The impact of social workers’ work was diverse, demonstrating their commitment to ethical and quality performance in accordance with the tenth principle of the Code of Ethics, namely “commitment to the quality of services provided to the population and intellectual development from a professional competence perspective” [5].

The following general directions emerged from this perspective: recognition of the ultra-liberal political and economic context, as well as the impacts on the living and working conditions of the hospital user population, as expressed in the configurations of social service demands, as well as the challenges and opportunities faced by these professionals.
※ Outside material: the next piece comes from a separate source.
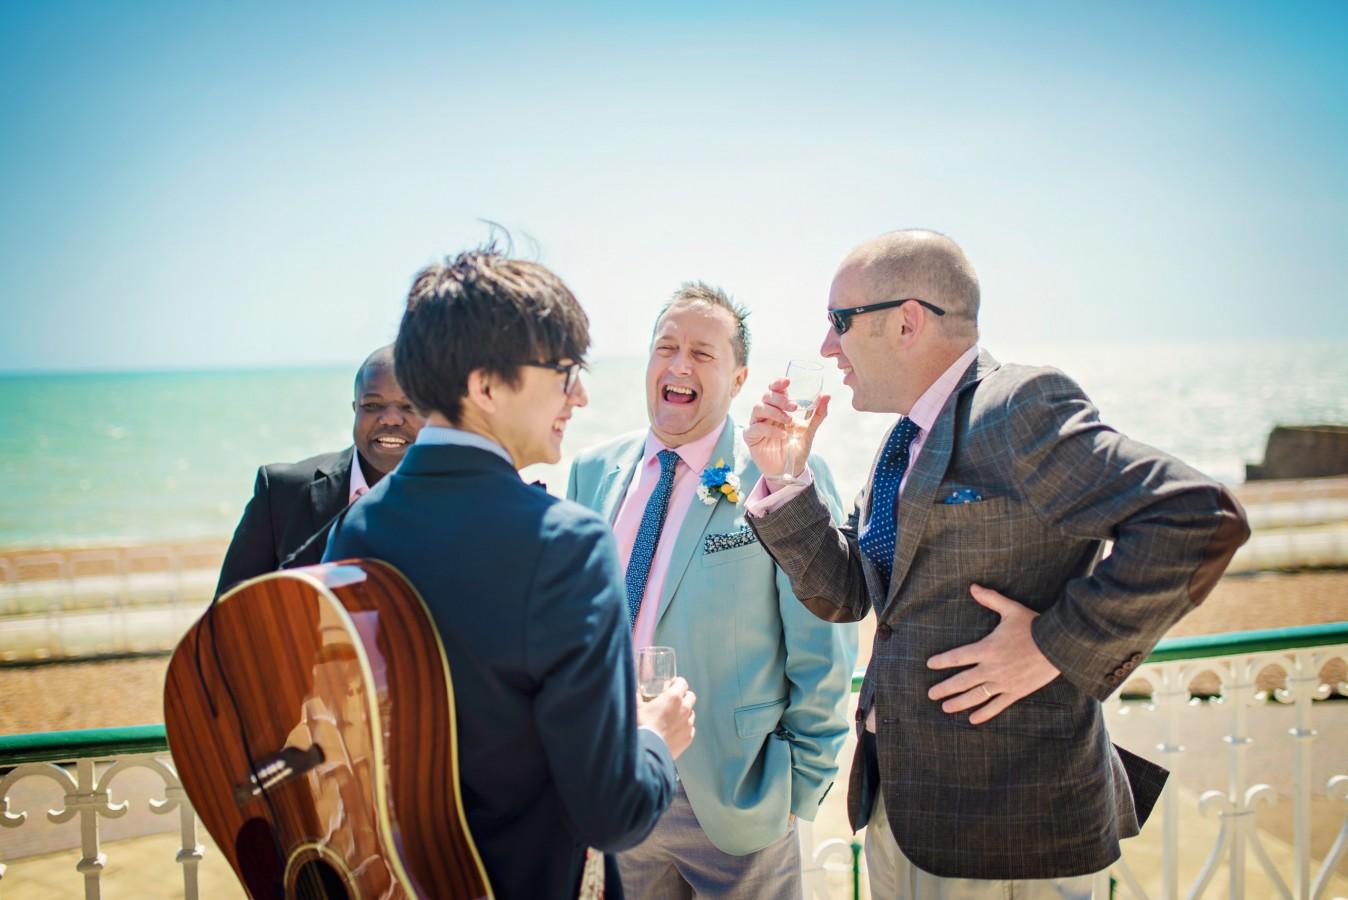 Hampshire Wedding Photographer - GK Photography-79

The severe sanitary crisis and wave of mass unemployment, exacerbated further by Constitutional Amendment 95/2016, and only R $ 600 reais in aid as a government strategy to combat the pandemic for the population, in a context where the population was unable to conduct adequate isolation and confinement and was unable to engage in mostly informal and unprotected labour activity As a result, social workers in health care have been critical in ensuring that the most vulnerable have access to the social security system and public policies (social security, social assistance, transportation, food, the judiciary) [21-25].

Thus, the analysed experiences demonstrate that the scenario remains difficult, with uncertainties about what may come next, given the ongoing pandemic, and abstracted and analysed aspects of social reality. This scenario necessitates that social workers engage in continuous reflective processes and seek strategies to combat social injustices that are consistent with their ethical-political commitment to the working class in general and health service users in particular.